Симона де Бовуар в «Другом поле» (1949) совершает важную экзистенциалистскую корректуру Мерло-Понти: «женщиной не родятся, женщиной становятся», что подразумевает возможность опыта тела как препятствия для экзистенциальной самореализации. Но это происходит не на анатомически-детерминированном уровне, а на культурно-историческом: женщине «патриархальной культурой» предписываются ее место и функции ее тела. Прежде всего — репродуктивные («у женщины есть яичники и матка, и это специфические условия ее субъективной ситуации», — со всей определенностью выражается де Бовуар).

Редукция женщины к телу — не только понижение в статусе (она лишь препятствие для мужской реализации), но и превращение в сексуальный объект («он — субъект, он — абсолют, она — всего лишь другая»).
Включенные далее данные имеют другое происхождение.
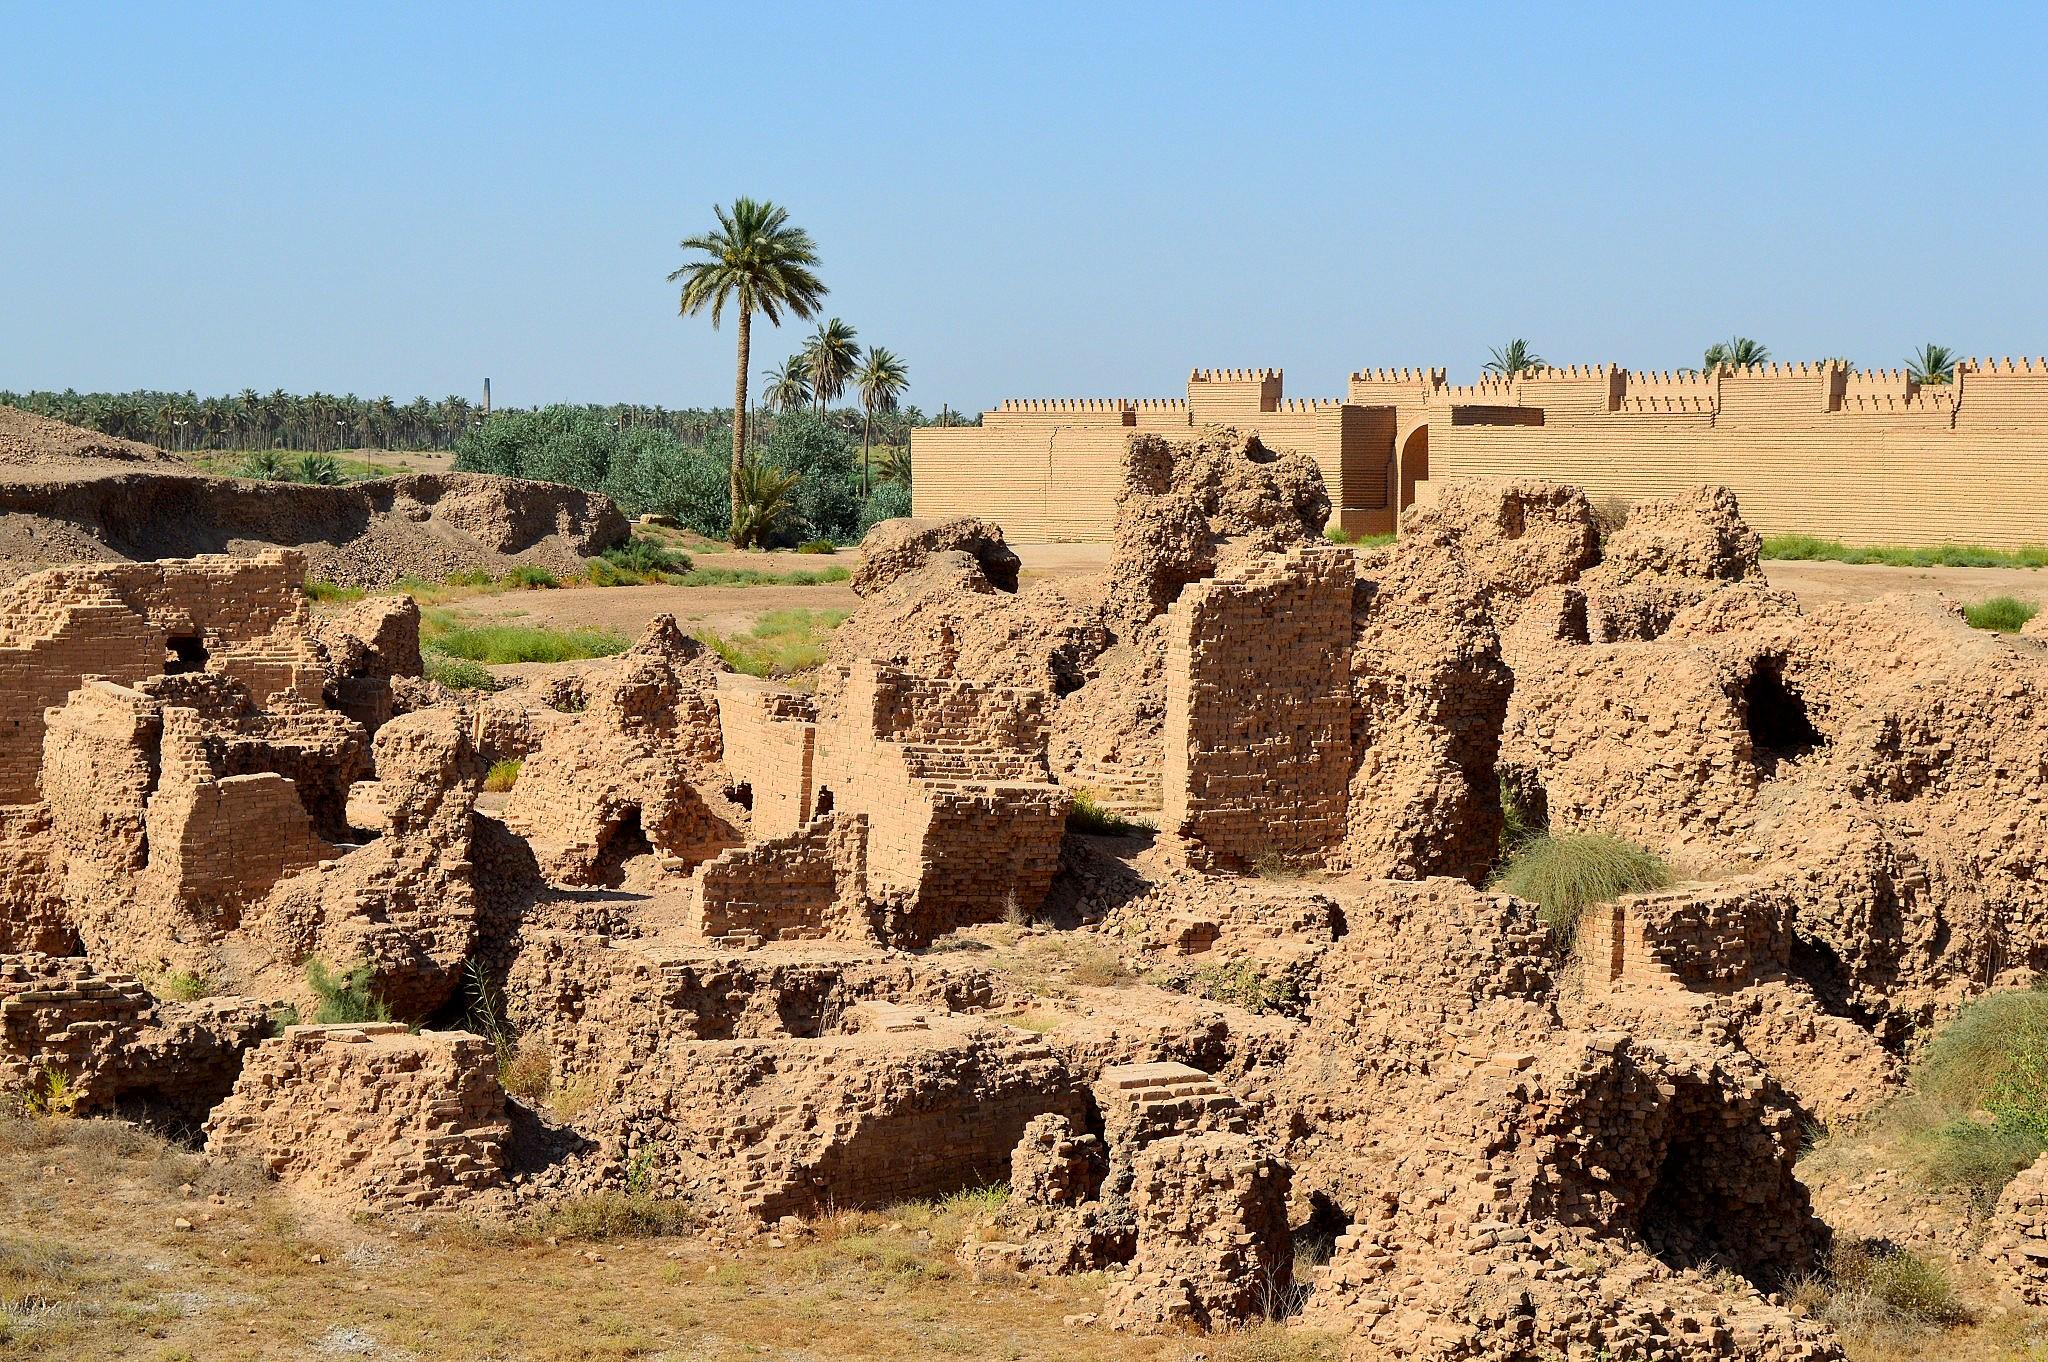 File:Ruins of Babylon, Mesopotamia, Iraq.jpg - Wikimedia Commons

Поэтому фактически женщина  исключена из «духовного пространства культуры» («проклятие имманентности»), и преодоление такого положения дел — в отказе от исключительности репродуктивных функций (женщина сама должна решать, иметь ли ей детей).

А иначе женщина остается препятствием для мужчины, проходящего свой «полноценный» путь «экзистенциального проекта», при осознании, что именно в нем  в рамках его бытия-наличия (Dasein) в качестве человека заложена реализуемая им трансценденция, что означает, прежде всего, обретение статуса субъекта.
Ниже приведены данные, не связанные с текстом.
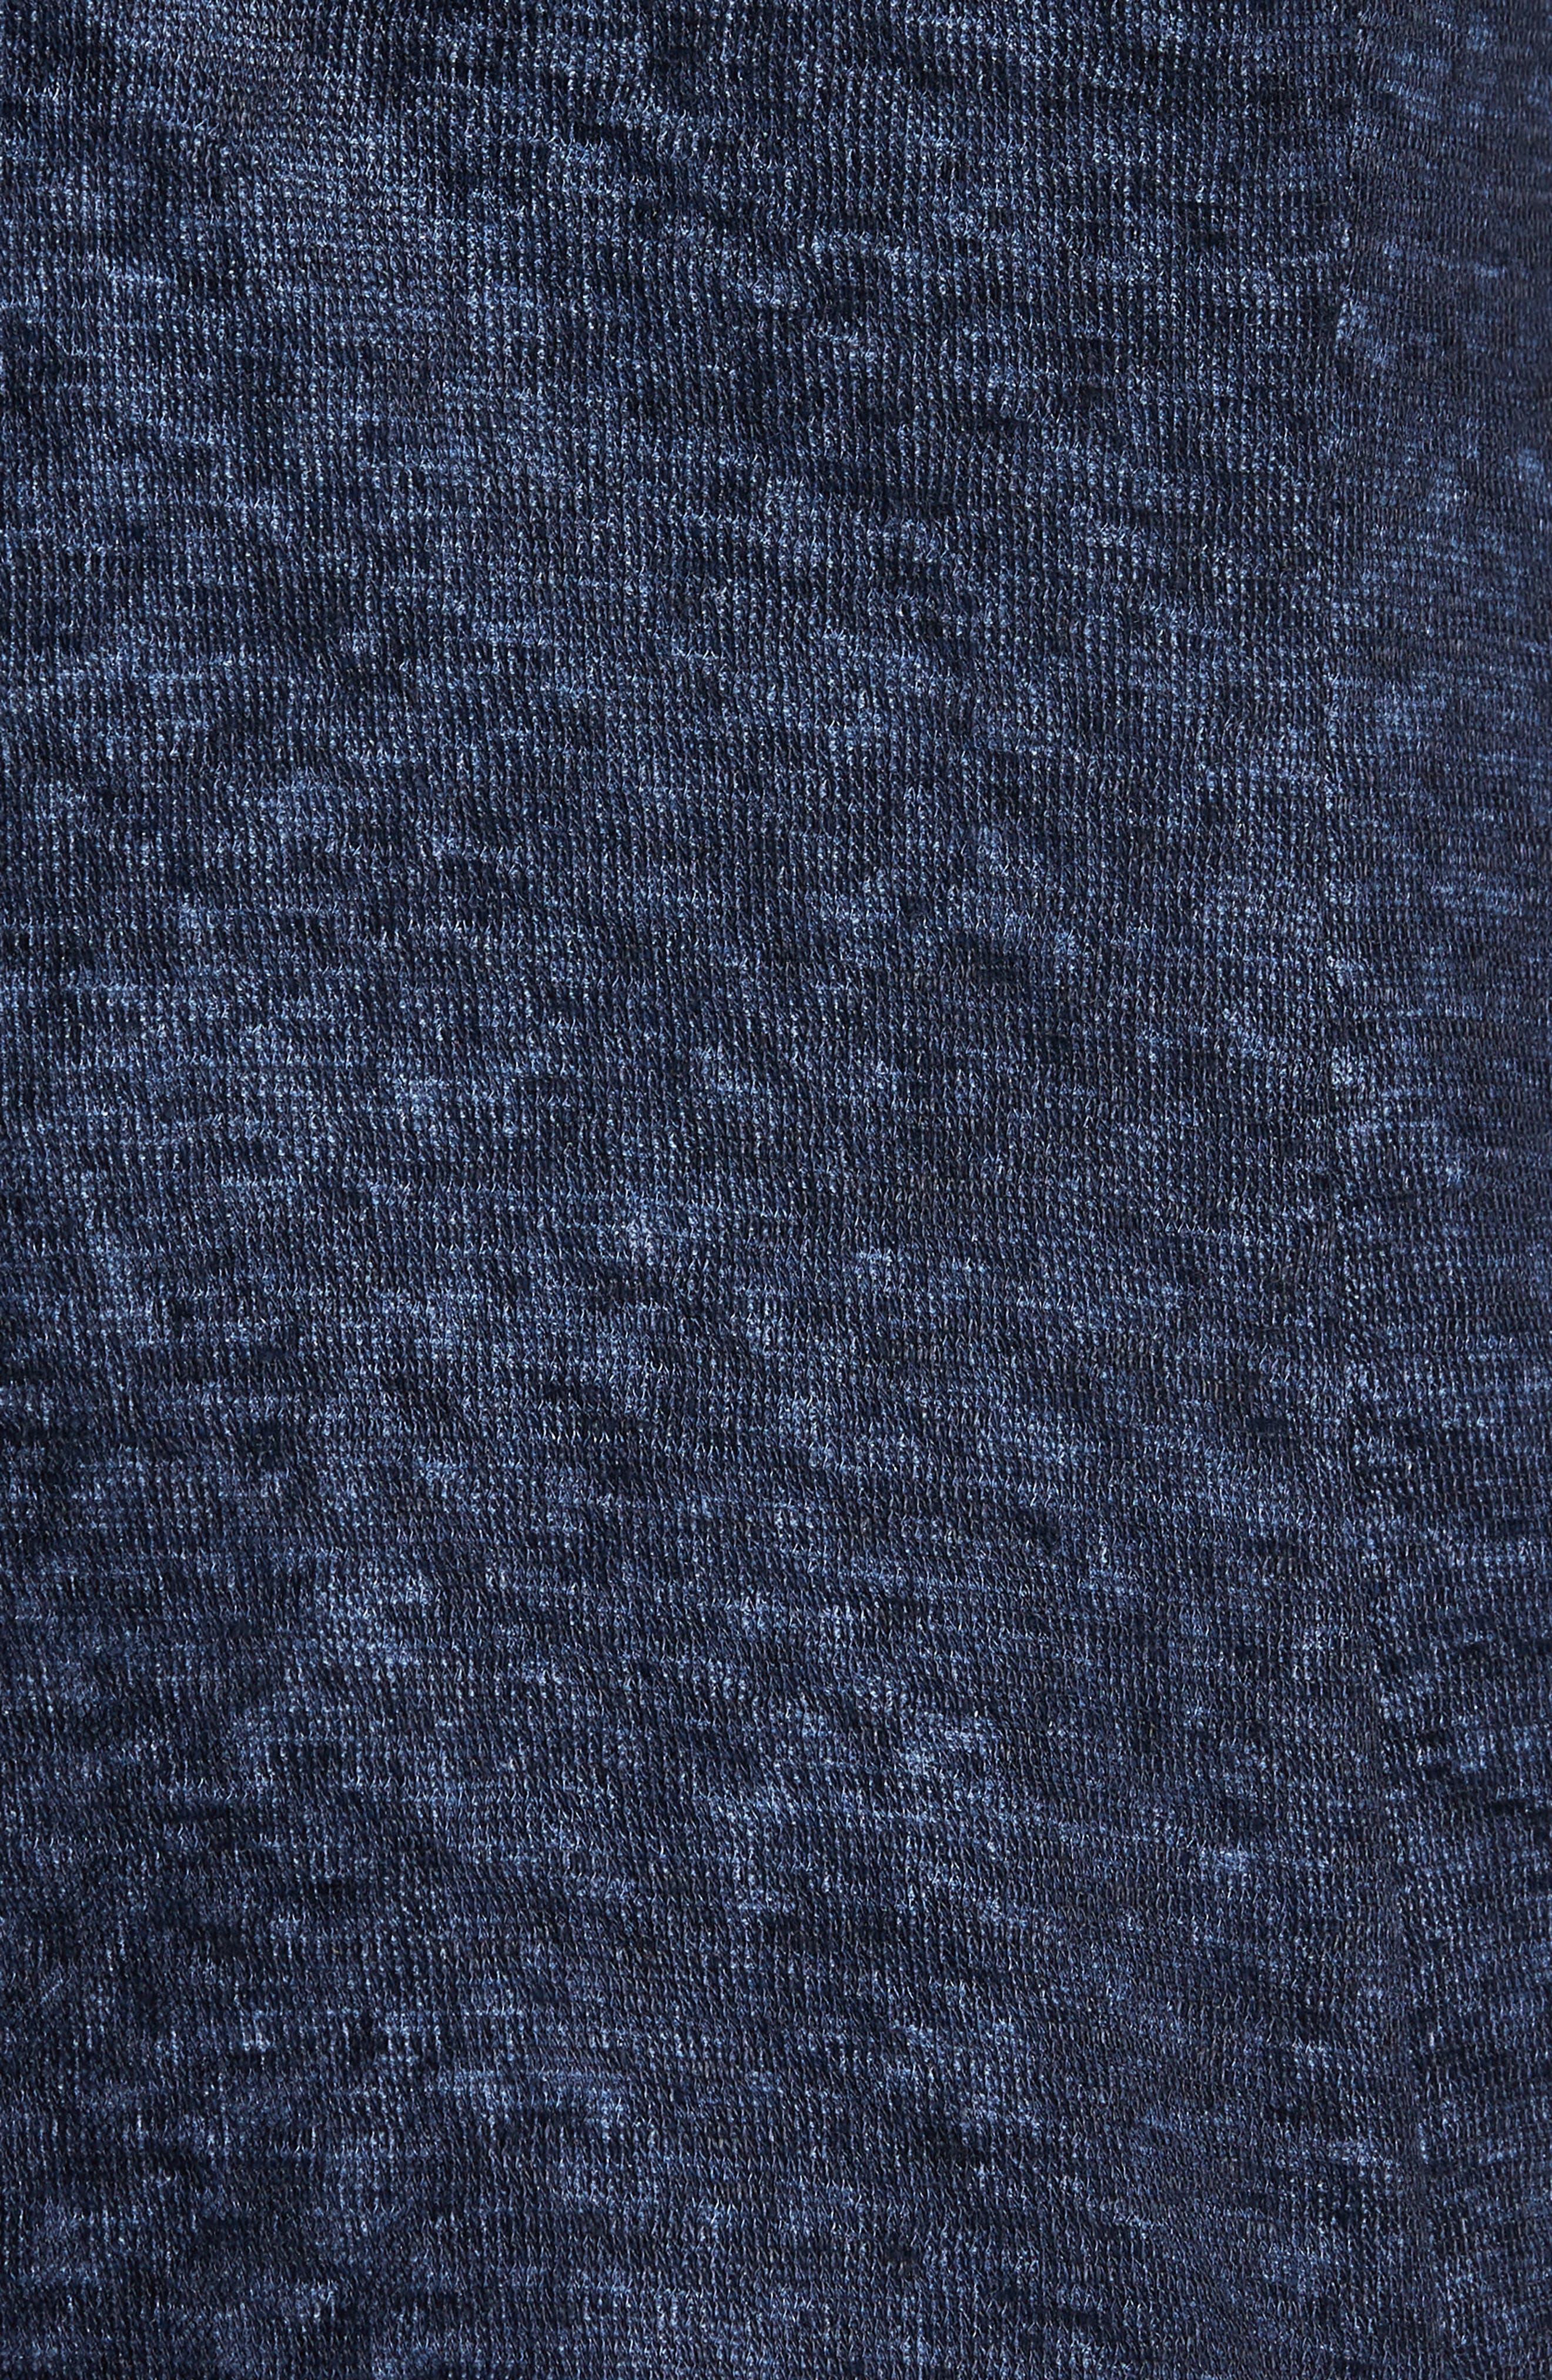 Regular Fit Cotton & Linen Blazer,                             Alternate thumbnail 6, color,                             406

Принципиально то обстоятельство, что Симона де Бовуар остается в рамках классической и «идеалистической» диалектики (не без марксистской окрашенности), применяя ее к женской ситуации. Женщина, во-первых, — носитель духа (субъект культуры), обладательница всех духовных возможностей (она реально способна думать, писать, рисовать и т.д.). Во-вторых, для нее обязателен переход от привычной «духовности» к аналитически конкретной телесности (но не столько как биологический факт, сколько как результат «общественного производства»).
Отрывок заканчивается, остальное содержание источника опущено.